Suspected state-backed Chinese hackers exploited widely used networking devices to spy for months on dozens of high-value government, defence industry and financial sector targets in the US and Europe, according to prominent cybersecurity firm FireEye.
And Tokyo police are investigating cyber attacks on some 200 Japanese companies and research organisations, including the country’s space agency, by a hacking group believed to be linked to the Chinese military, Japan’s government said.
FireEye said on Tuesday it believed two hacking groups linked to China broke into several targets through Pulse Connect Secure devices, which numerous companies and governments use for secure remote access to their networks.
After FireEye released a blog post detailing its findings, the Department of Homeland Security’s Cybersecurity and Infrastructure Security Agency issued an alert saying it was aware of “ongoing exploitation” of Pulse Connect Secure that is “compromising US government agencies, critical infrastructure entities, and private sector organisations”.
The agency did not provide additional details about which organisations were breached.
Ivanti, the Utah-based owner of Pulse Connect Secure, said a limited number of customers “experienced evidence of exploit behaviour”. The company said the hackers used three known exploits and a previously unknown one.
Charles Carmakal, the chief technology officer at FireEye, said it was still trying to piece together details about the hack but available evidence suggested the hackers were aligned with the Chinese government.
Carmakal, whose company discovered in December the months-long SolarWinds hacking campaign attributed to Russian cyberspies, said the Pulse Connect Secure hack had several notable aspects: the hackers were highly skilled, were able to evade multifactor authentication and could stay hidden on a penetrated network even if software was reset or upgraded.
“Their tradecraft is really good,” he said.
Meanwhile, Japanese police have forwarded the case involving attacks on the Japan Aerospace Exploration Agency (JAXA) to prosecutors for further investigation, chief cabinet secretary Katsunobu Kato told reporters.
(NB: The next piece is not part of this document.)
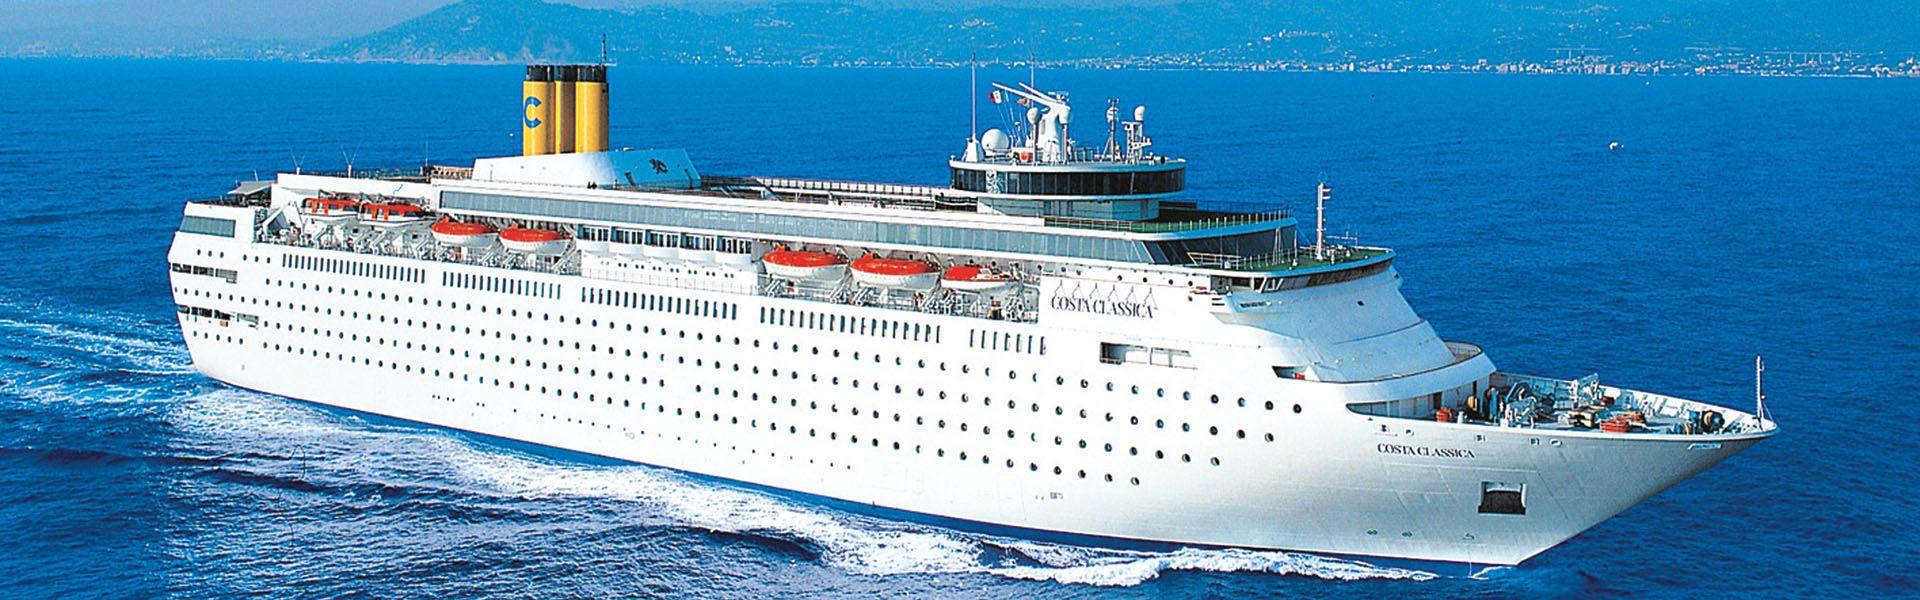 Croaziera 2017 - Oceanul Indian (Bombay) - Costa Cruises - Costa neoClasica - 14 nopti

Police believe a series of hacks of the JAXA were conducted in 2016-2017 by Tick, a Chinese cyberattack group under the direction of a unit of the People’s Liberation Army (PLA), Mr Kato said.
A suspect in the JAXA case, a Chinese systems engineer based in Japan, allegedly gained access to a rental server by registering himself under a false identity to launch the cyber attacks, Mr Kato said, citing the police investigation.
NHK public television said another Chinese national with suspected links to the PLA unit who was in Japan as an exchange student was also investigated in the case.
Both men have since left the country, it said.
Police are investigating the attackers’ intent and methods, while also pursuing scores of other cyberattacks that they suspect are linked to China’s military, Mr Kato said.
“The involvement of China’s People’s Liberation Army is highly likely,” he said.
Mr Kato added that no actual data leak or damage has been found so far but police are urging the companies to strengthen their protection.
Japan’s Defence Ministry says cyberattacks are part of rising security threats from China as it becomes more assertive in the region – a shared concern discussed in April 16 talks at the White House between US President Joe Biden and Japanese Prime Minister Yoshihide Suga.
In Beijing, Chinese Foreign Ministry spokesperson Wang Wenbin said cyberattacks were a common challenge faced by all countries and warned Japan against wrongly accusing China.